Computer Vision/Image Processing

Face recognition

VISTA leads the way in face recognition, combining algorithms from computer graphics, deep learning and computer vision to develop technology with huge implications for security and commerce.

Sponsored by IARPA’s Janus program, we are developing face recognition systems designed to teach computers how to recognize people “in the wild,” through photos and videos captured in uncontrolled settings.

Using powerful algorithms and software to process large amounts of data, our face recognition researchers are “teaching” computers how to identify a person with variations in lighting, pose, age and facial expression. 

Key aspects of our approach include: deep learning, neural networks, transfer-learning to improve in-domain performance, locality-sensitive hashing and a novel representation called SQSH. 

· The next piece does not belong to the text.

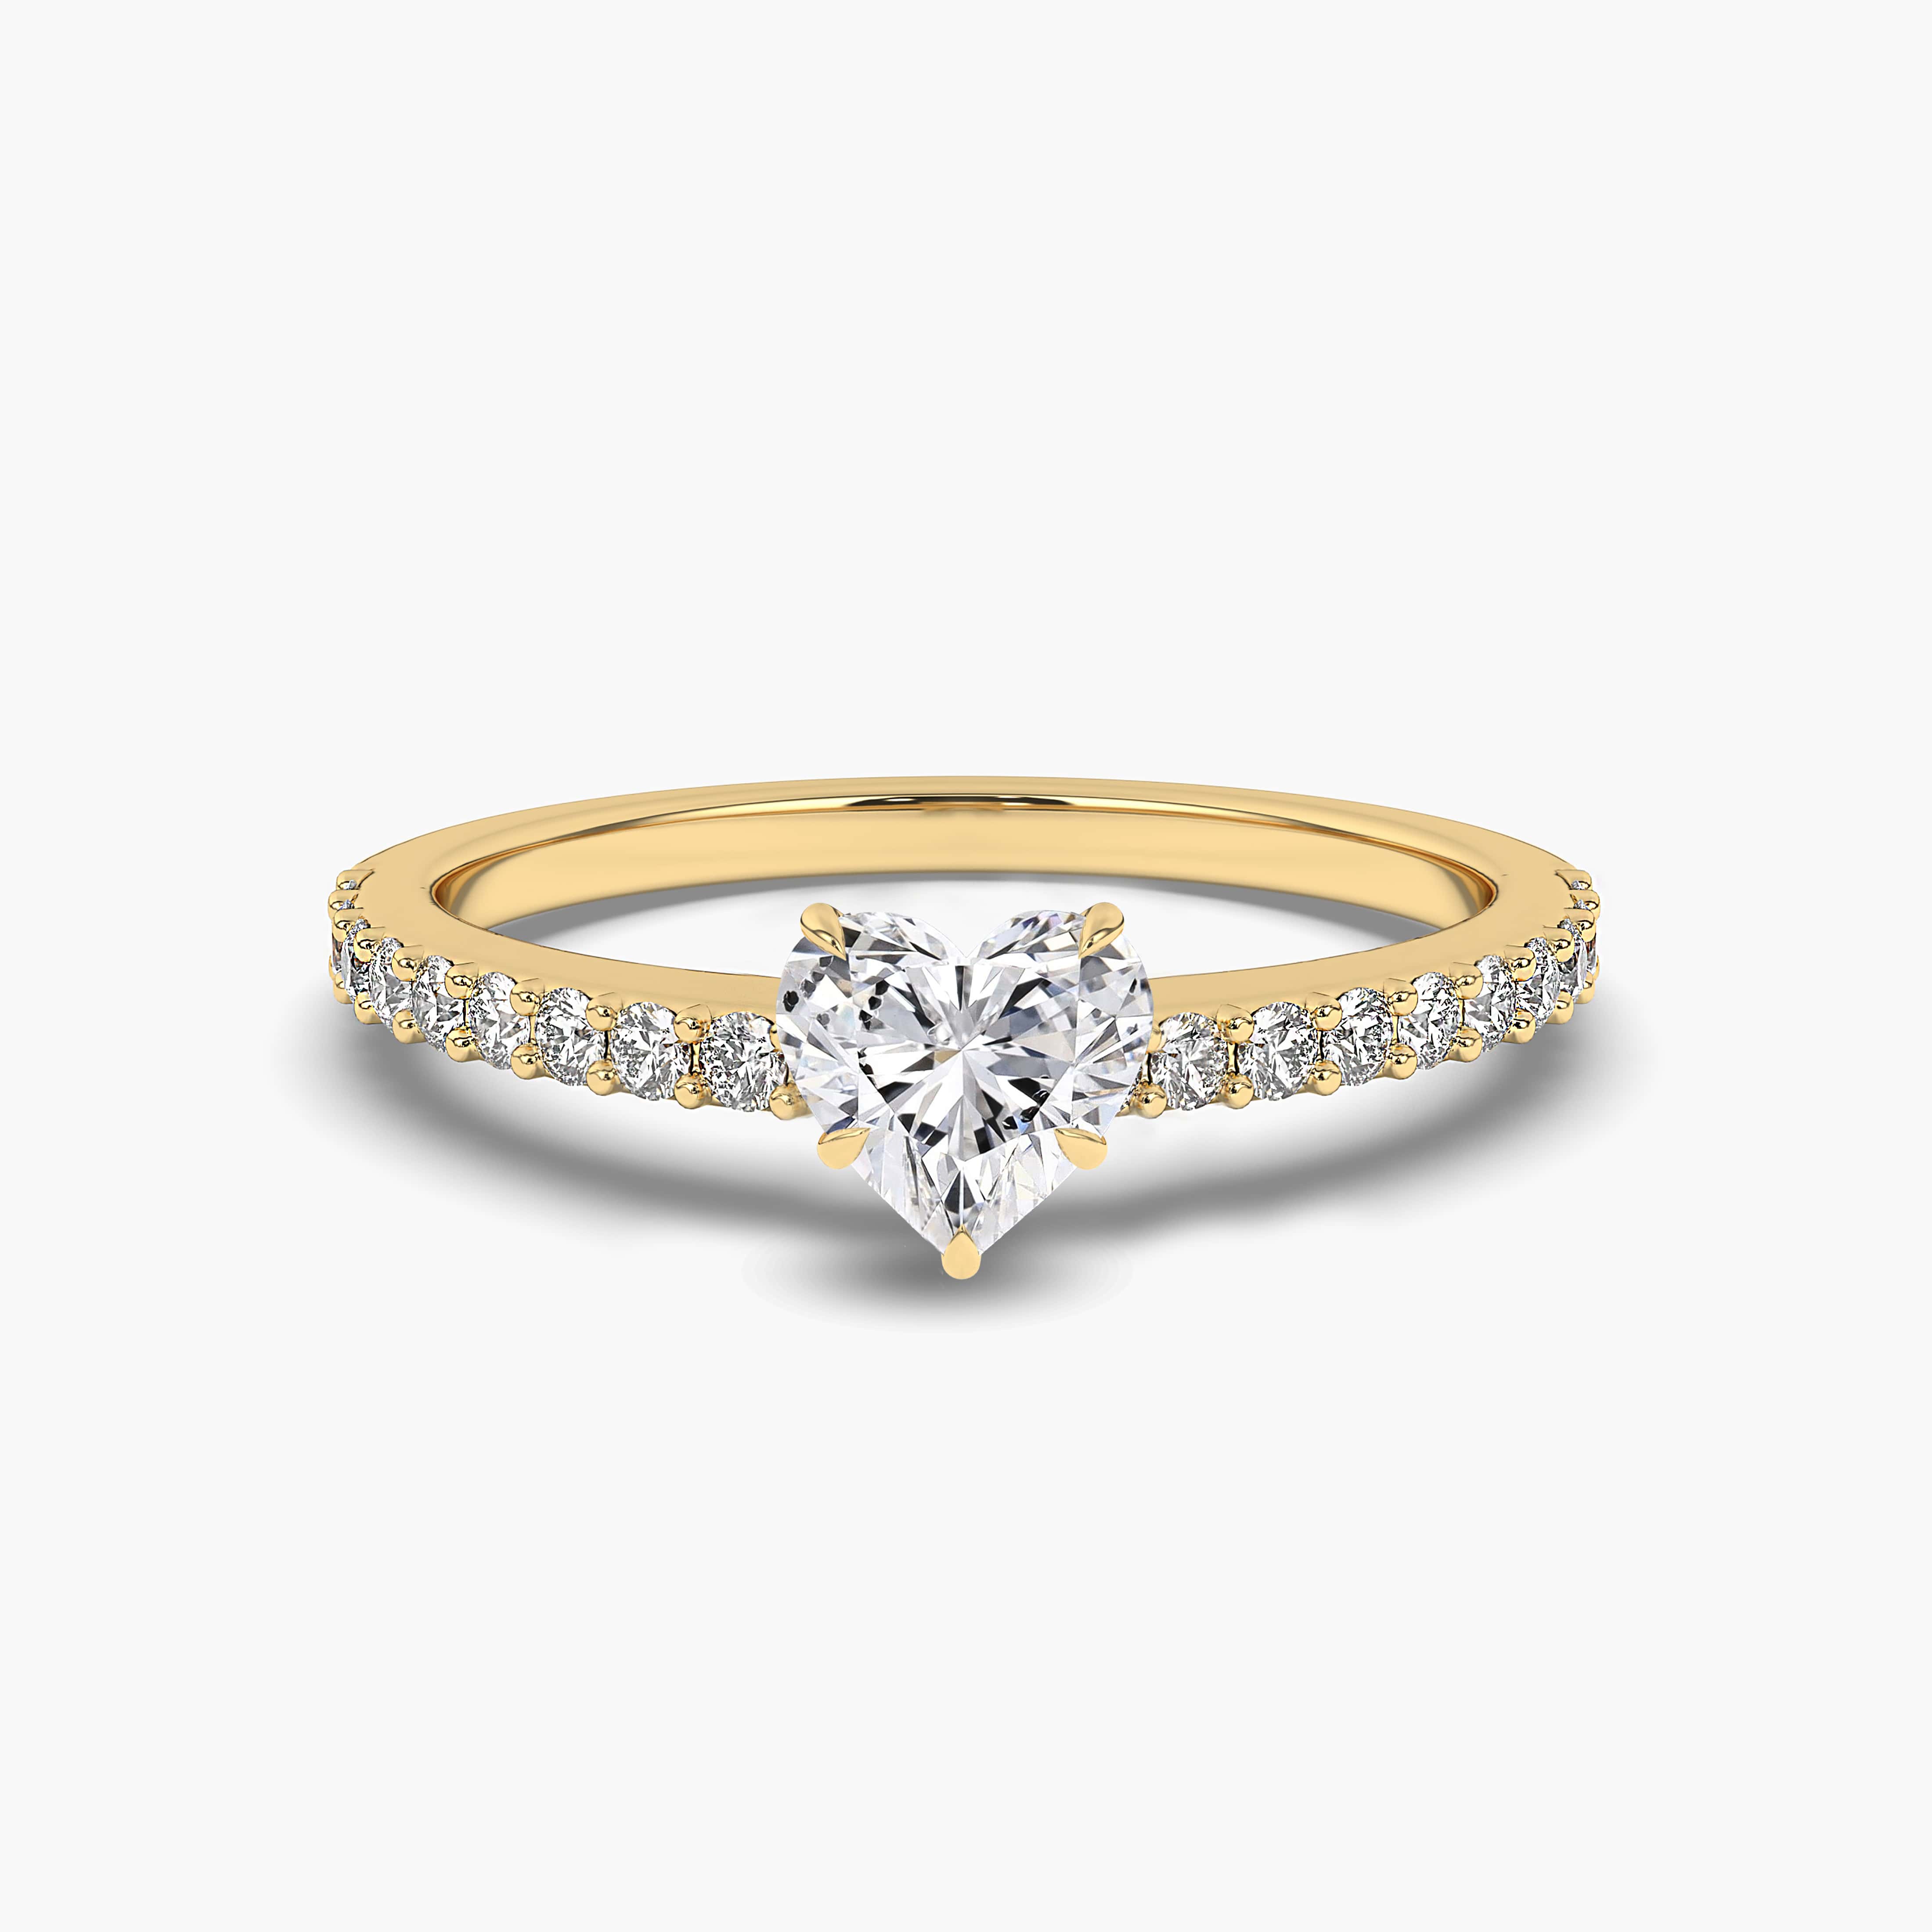 0.50carat emerald cut ring with wedding band

In computer security, biometrics relates to automatic authentication of individuals using measurable human characteristics, such as fingerprints, face recognition and iris recognition.  Biometric authentication is used as a form of identification and access control at facilities across the commercial and government spectrum.

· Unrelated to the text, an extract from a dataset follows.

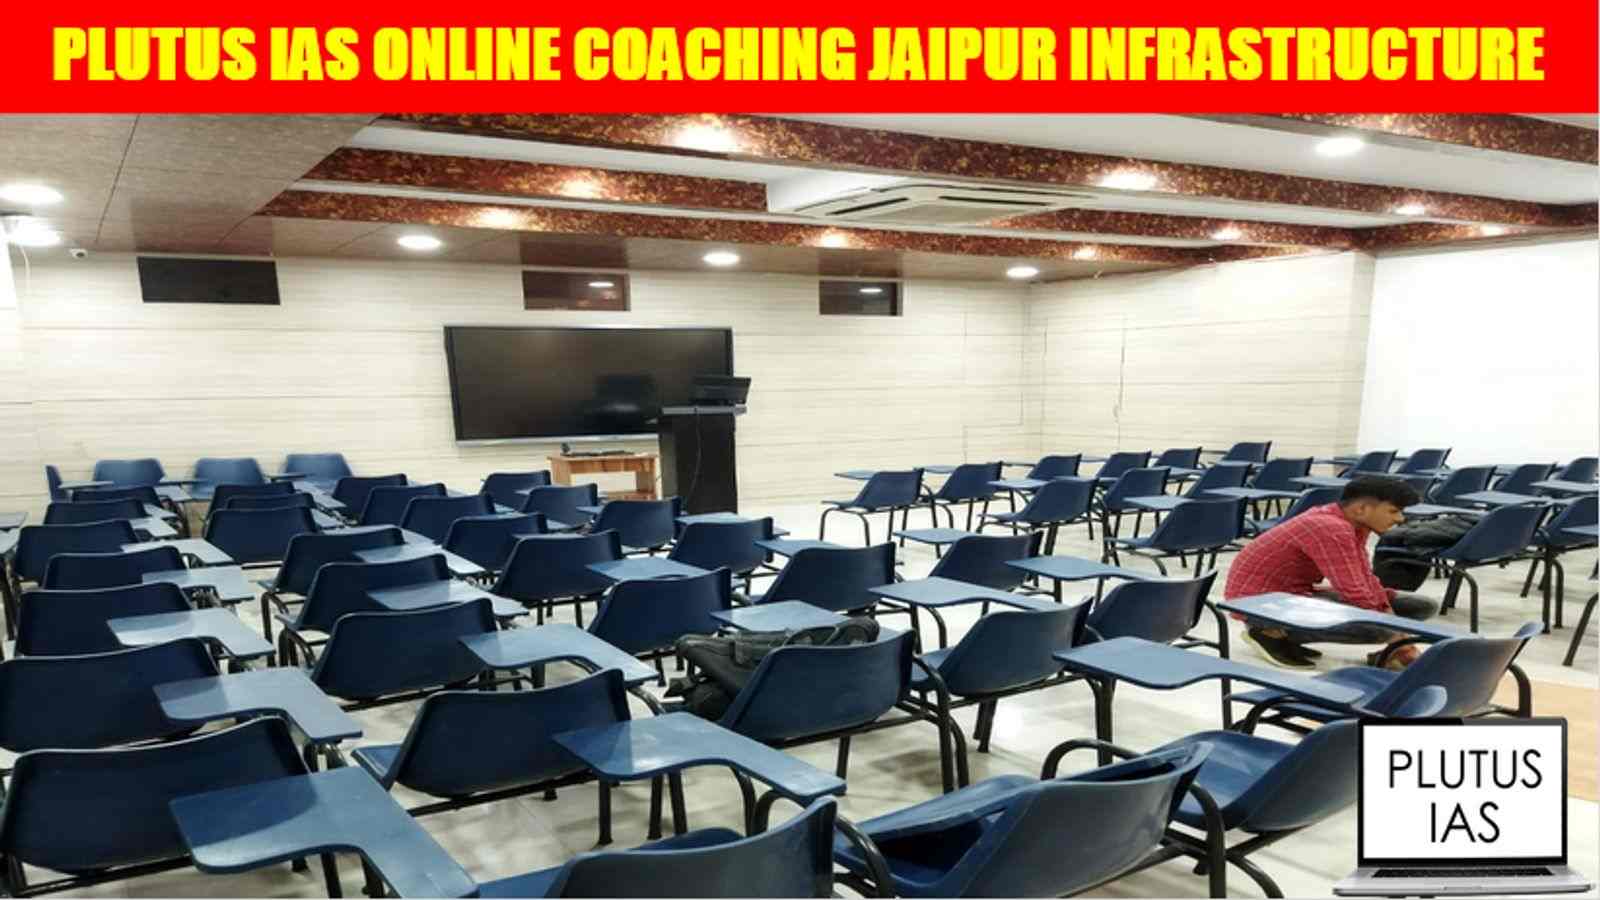 Plutus IAS Online Coaching Jaipur Infrastructure

The BATL (Biometric Authentication with a Timeless Learner) project aims to create systems and algorithms resilient to presentation attacks (spoofing) of biometric authentication systems, including the face, iris and fingerprint. Partners include TREX Enterprises, Idiap Research Institute, TU Darmstadt and Northrup Grumman.

Media Forensics

Forensic image processing involves the computer restoration and enhancement of surveillance imagery to assess its truthfulness or integrity.

Sponsored by DARPA’s Medifor Program, ISI’s DiSPARITY project aims to characterize signs of manipulated images and video. To achieve this, the team considers important indicators such as pixel-level attributes, the physics of the scene, and the semantics and genealogy of the image or video asset.

Challenges include the wide variety of image-capturing devices, increasing sophistication of manipulation tools and techniques (including rapid advances in computer graphics technology such as Photoshop), the emergence of generative adversarial networks (GANs), and the sheer volume of analyzable data.

Optical Character Recognition

Optical Character Recognition (OCR) is a key technology for scanning books, signs, documents and other real-world texts into digital form for historical purposes, for policy purposes (e.g., census documents), and enterprise intelligence/efficiencies.

Leveraging recent neural network advances in the fields of computer vision and speech recognition, VISTA researchers are developing a new OCR system from scratch. The goal is to shift from statistical hidden Markov models (HMMs) to a more efficient neural network-based system.  

The team’s combination of convolutional neural networks (CNNs) and long short-term memory (LSTM) recurrent networks demonstrated top performance in a pilot United States Census program – achieving 79 per cent accuracy on last-name recognition for handwritten names from the 1990's census – and on the challenging MADCAT Arabic handwriting recognition dataset. Both of these efforts are described in papers presented at the International Conference on Document Analysis (ICDAR), 2017.

VISTA researchers have also developed a novel text detection algorithm, that models the text detection problem as a three-class problem rather than as a binary classification problem.  By expanding current capabilities, the team aims to create systems capable of recognizing complex document layouts.